En 1981, le rapport OHEIX avait déjà attiré l'attention sur ce type de difficultés. Depuis, des améliorations sont progressivement apportées : campagnes d'information auprès des allocataires, amélioration de l'accueil dans les Caisses, démarchage à domicile pour une meilleure collecte des données, transfert des dossiers de Caisse à Caisse en cas de changement de circonscription ou de régime, possibilité de versement sur droits supposés (vérification a posteriori et non plus a priori). Ces améliorations ont certainement contribué à éviter des perturbations inutiles dans des ménages très démunis, encore que sur le terrain, demeurent un certain nombre de cas d'interruption de versement avec leurs conséquences sur la vie des familles.

A supposer que ces difficultés soient aplanies, peut-on considérer que ces prestations « compensent » les charges familiales ?

D'après une étude récente, (1) un enfant entraînerait en moyenne pour une famille une dépense supplémentaire de 19 %, 2 enfants 35 %, 3 enfants 56 %, alors que les aides à la famille (prestations familiales et effet du quotient familial) apporteraient en moyenne une augmentation de ressources respectivement de 3 %, de 12 % et de 25 %.

Comme le rappelait M. Fragonard, directeur de la Caisse nationale d'allocations familiales, lors de son audition, le système des prestations familiales permet à un certain nombre de familles (des familles nombreuses spécialement) de sortir d'une situation de pauvreté.

Parmi le quart des familles avec enfants à charge qui ont les revenus primaires les plus faibles, il relevait les variations suivantes :

Nombre d'enfants Revenu primaire maximum à charge par personne et par jour

2 enfants 90 F

3 enfants 62 F

4 enfants 43 F

5 enfants 31 F

6 enfants 21 F

Cette diminution du revenu à mesure que le nombre d'enfants augmente s'explique par le fait que, dans ces catégories de revenus, le nombre croissant d'enfant va de pair avec une détérioration du statut socio-professionnel du chef de famille et avec une raréfaction de l'activité professionnelle féminine.

Si les prestations familiales améliorent incontestablement le revenu disponible de ces familles, elles l'améliorent davantage chez les familles mono-parentales que chez les autres. M. Fragonard estimait qu'en 1986, 150 000 familles avec deux parents restaient en-dessous du seuil de 50 F par jour et par personne, même avec l'apport des prestations familiales.

Une autre forme d'aide aux familles consiste en une réduction de dépenses pour certaines consommations : les bons vacances des Caisses d'allocations familiales ou les réductions de tarifs S.N.C.F. pour familles nombreuses par exemple. Ce sont là des avantages sociaux indéniables pour ceux du moins qui peuvent et savent en tirer parti.
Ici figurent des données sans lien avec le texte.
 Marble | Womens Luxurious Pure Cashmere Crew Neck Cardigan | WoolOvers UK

Car il faut avoir l'occasion de prévoir des vacances ou des déplacements, ce qui est rarement du domaine du possible, et n'est pas toujours encouragé en milieu très défavorisé. Là où le dépaysement et l'élargissement de l'univers seraient sans doute le plus nécessaires, nous constatons que les familles y accèdent peu. Les bons vacances permettent à un nombre croissant de familles modestes de partir en vacances ; mais lorsqu'une famille très démunie envisage un départ il lui faut à nouveau solliciter des aides pour régler la différence entre le coût réel du séjour et le montant des bons accordés.
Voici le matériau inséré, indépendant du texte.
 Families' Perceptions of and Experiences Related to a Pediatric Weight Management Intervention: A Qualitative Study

Les prestations familiales jouent un rôle important pour compenser les charges d'éducation des enfants, et empêcher des familles de connaître des situations de grande précarité de ressources. Dans ce but elles devraient, spécialement en ce qui concerne les familles en difficulté, couvrir le coût de l'enfant, être versées de façon régulière et leur être vraiment accessibles. Or les conditions exigées privent encore d'un certain nombre de prestations les familles les plus pauvres.

Les aides spécifiques n'atteignent parfois que certaines catégories d'entre elles, notamment les familles

monoparen-tales.

(1) Laurence Bloch et Michel Glaude, « Une approche du coût de l'enfant », Économie et Statistique, mai 1983.